[What to produce] In the entries below, find the line containing "Camion sur une" and the line containing "Mẫu giường sắt sơn hồng dành cho bé gái". Copy those two lines and everything between them exactly, without the pictures.

[Exercise input]

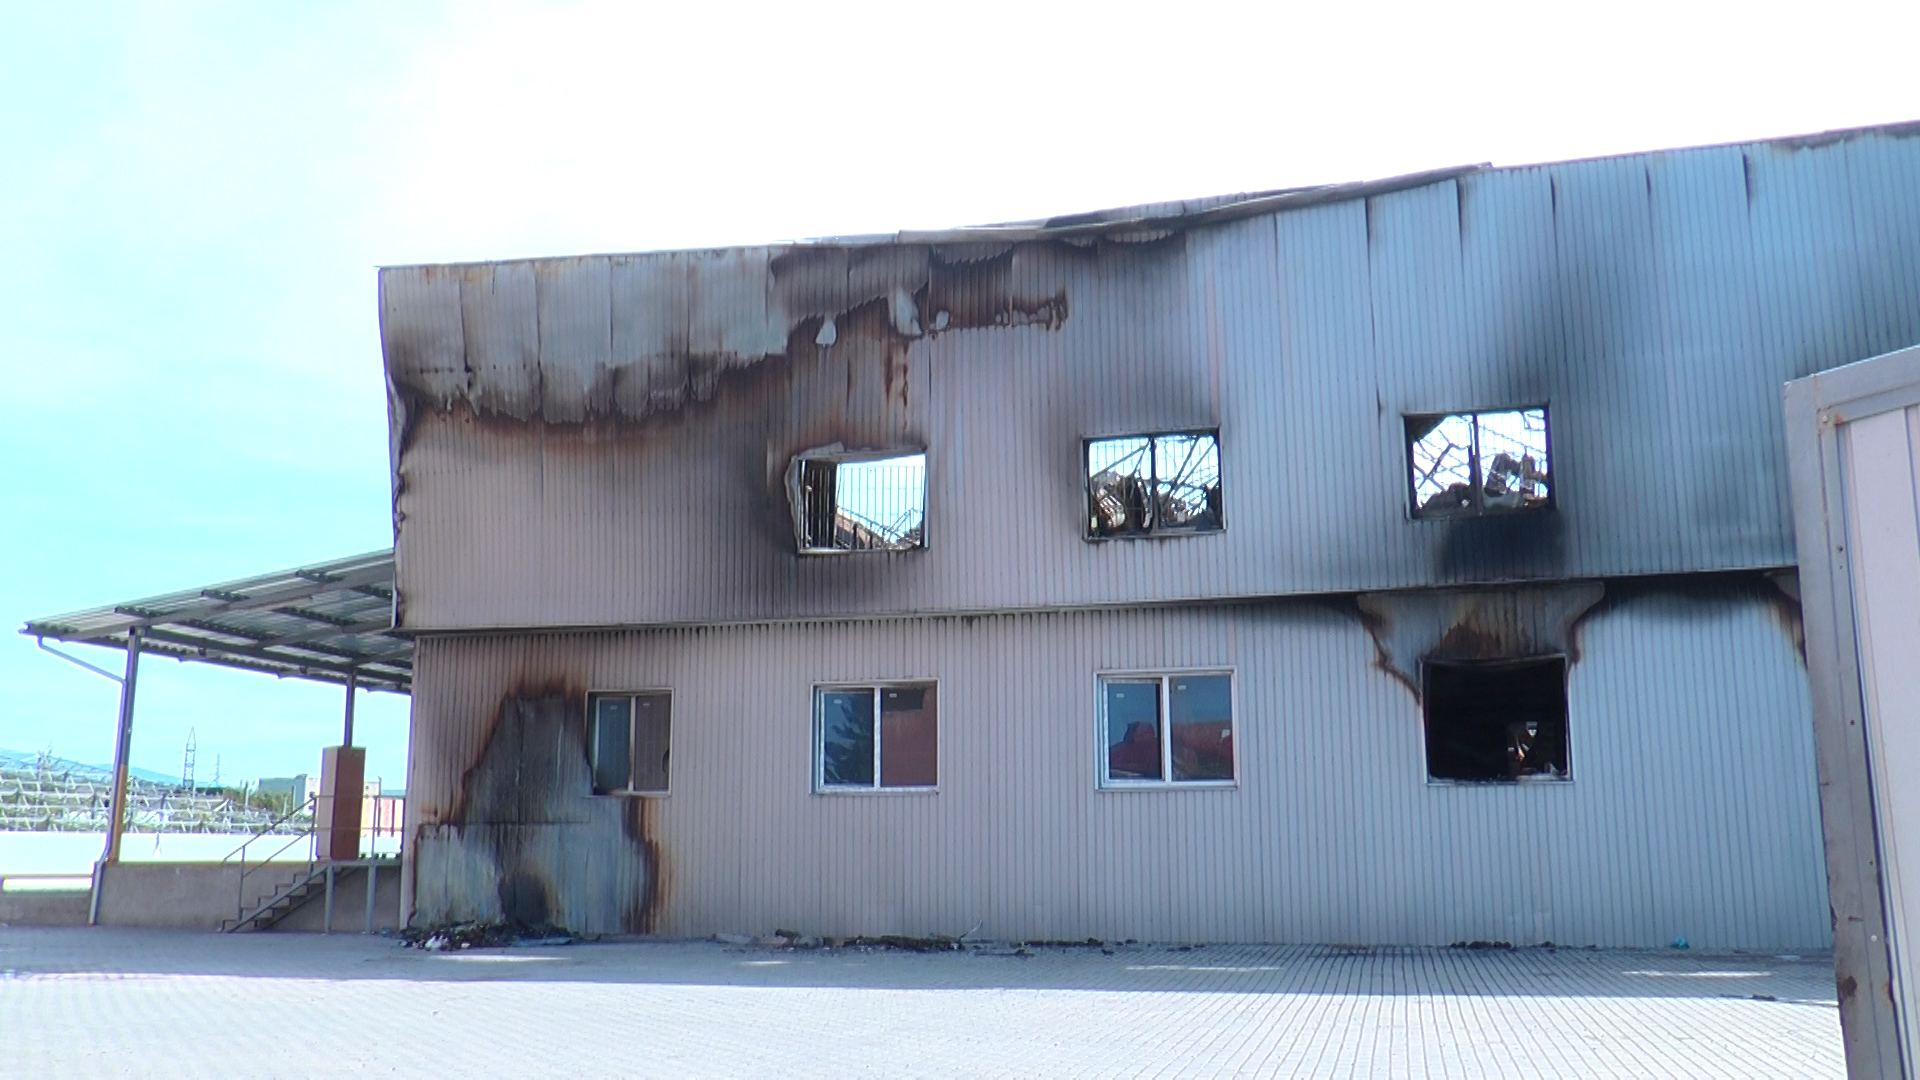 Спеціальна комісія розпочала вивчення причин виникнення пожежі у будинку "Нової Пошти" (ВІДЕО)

[/Exercise input]
[Exercise input]

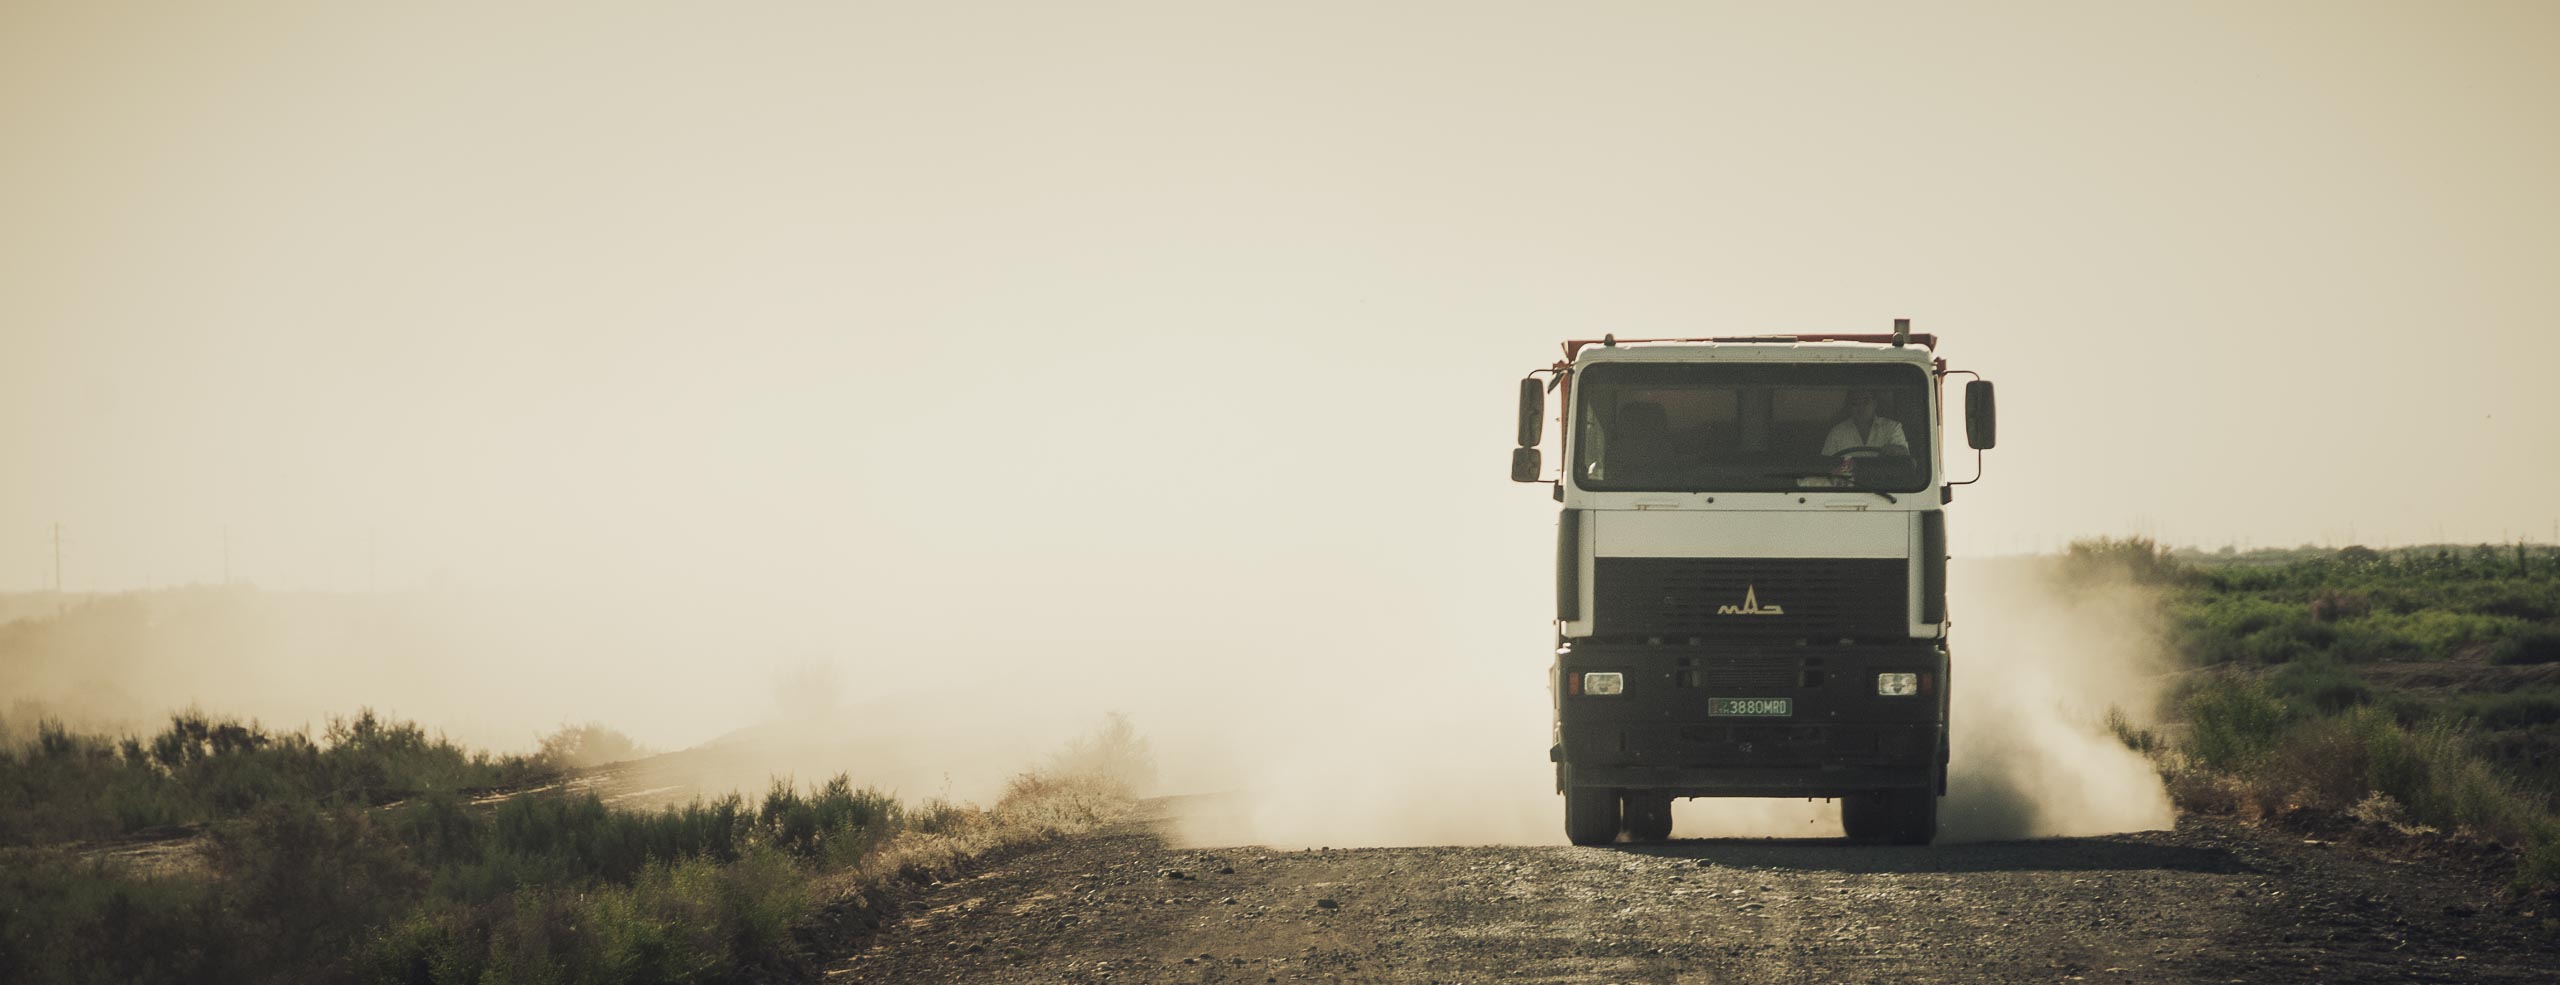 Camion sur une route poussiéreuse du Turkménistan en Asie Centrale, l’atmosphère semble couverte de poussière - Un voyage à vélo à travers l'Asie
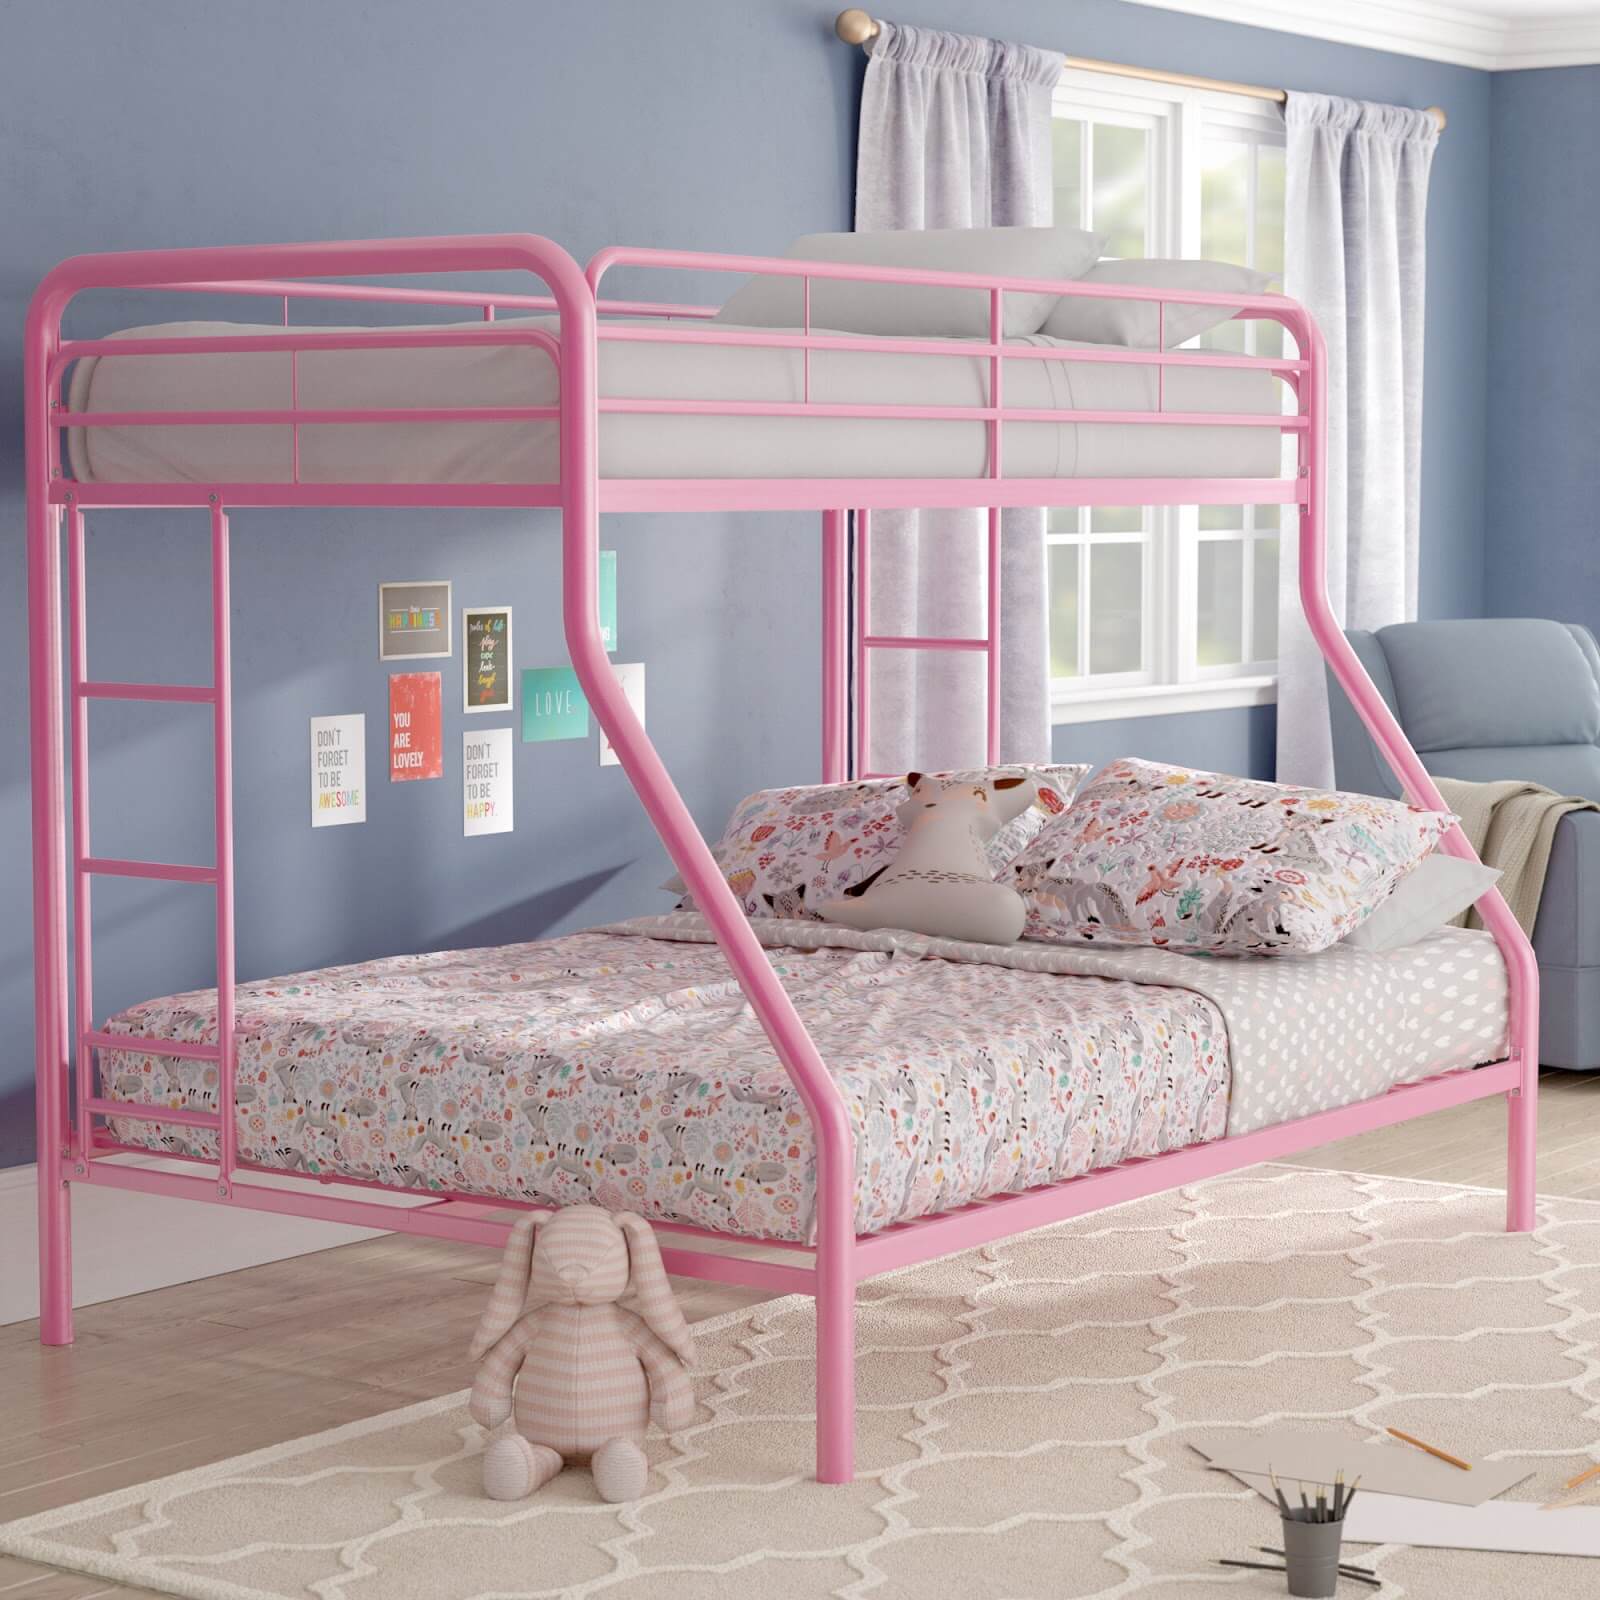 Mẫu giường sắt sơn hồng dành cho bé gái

[/Exercise input]

[Written response]
 Camion sur une route poussiéreuse du Turkménistan en Asie Centrale, l’atmosphère semble couverte de poussière - Un voyage à vélo à travers l'Asie
 Mẫu giường sắt sơn hồng dành cho bé gái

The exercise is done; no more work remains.